*** Opening of DATA EXTRACTS ***

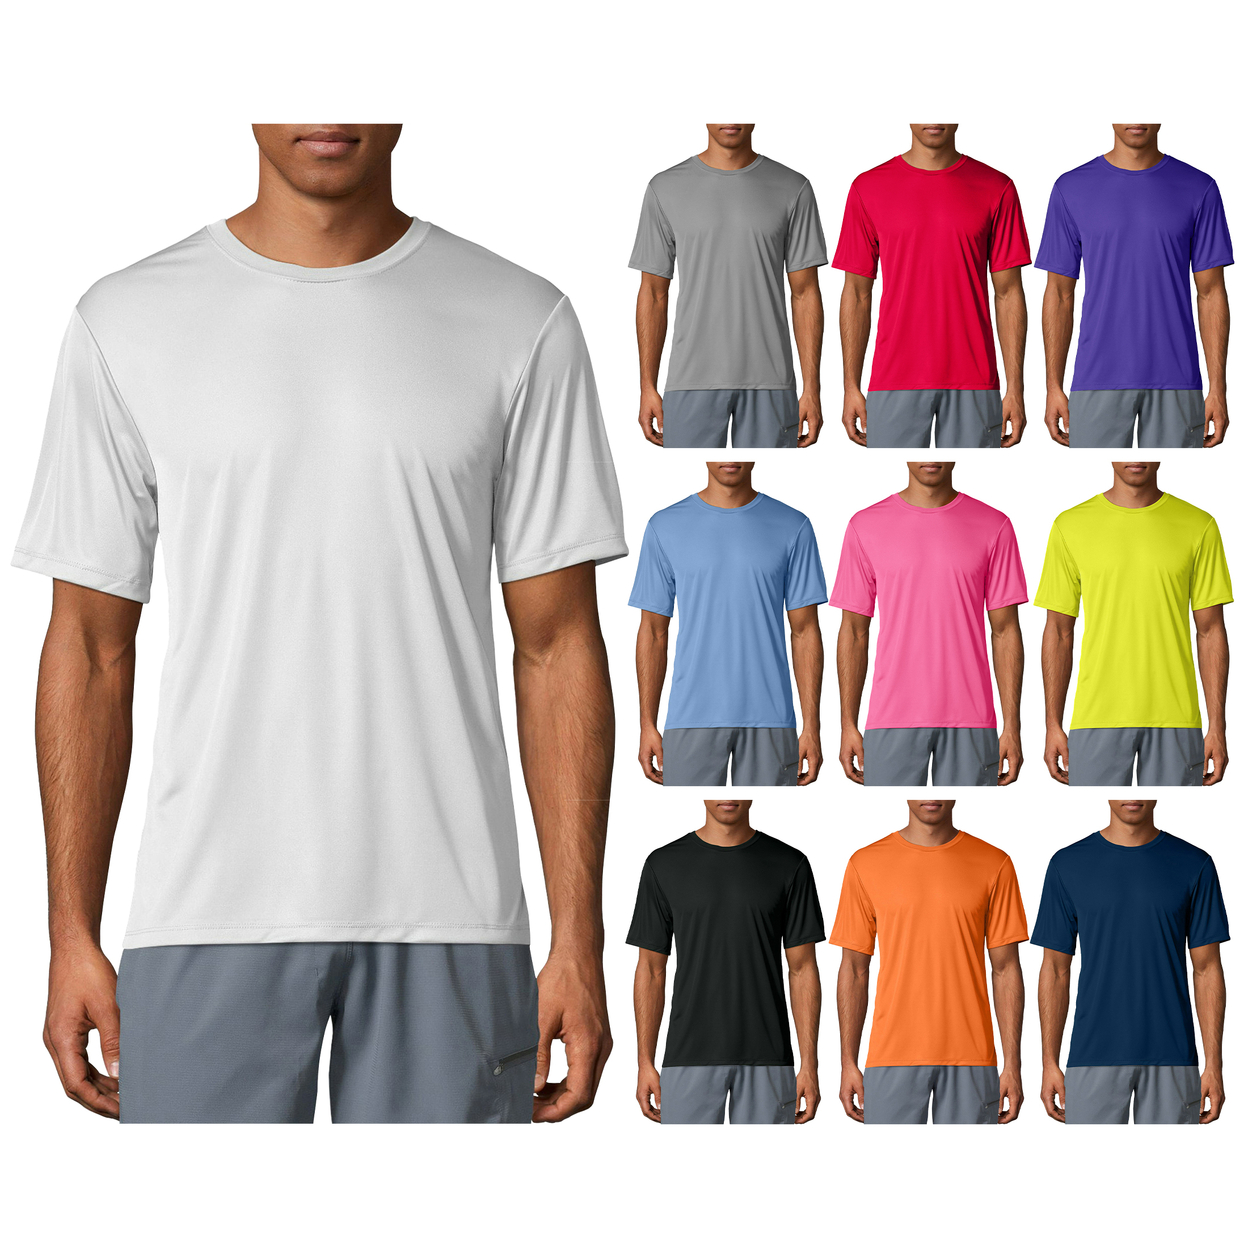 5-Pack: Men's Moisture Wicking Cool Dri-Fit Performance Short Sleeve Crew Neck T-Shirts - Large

*** Close of DATA EXTRACTS ***
*** Opening of DATA EXTRACTS ***

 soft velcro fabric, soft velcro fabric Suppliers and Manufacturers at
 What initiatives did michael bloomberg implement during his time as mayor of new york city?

*** Close of DATA EXTRACTS ***
*** Opening of DATA EXTRACTS ***

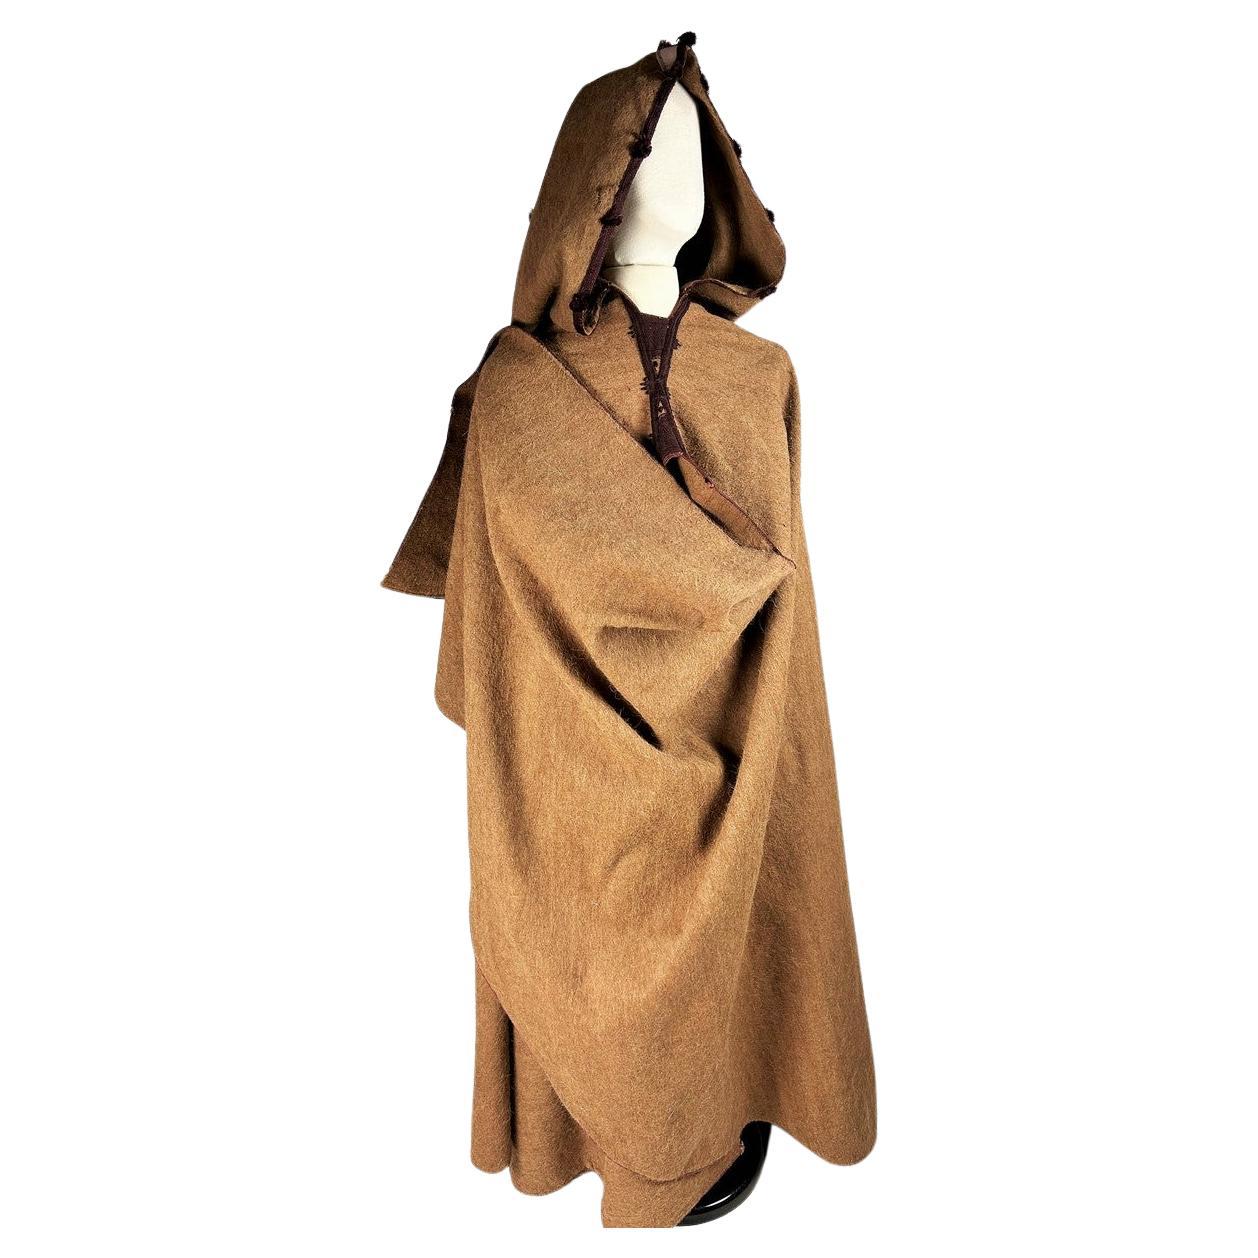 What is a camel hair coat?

*** Close of DATA EXTRACTS ***

Could you write out, exactly as they stand, only the lines above that begin at the line with "soft velcro fabric, soft" and stop after the line with "What initiatives did"?

▶ **SOLUTION**:
 soft velcro fabric, soft velcro fabric Suppliers and Manufacturers at
 What initiatives did michael bloomberg implement during his time as mayor of new york city?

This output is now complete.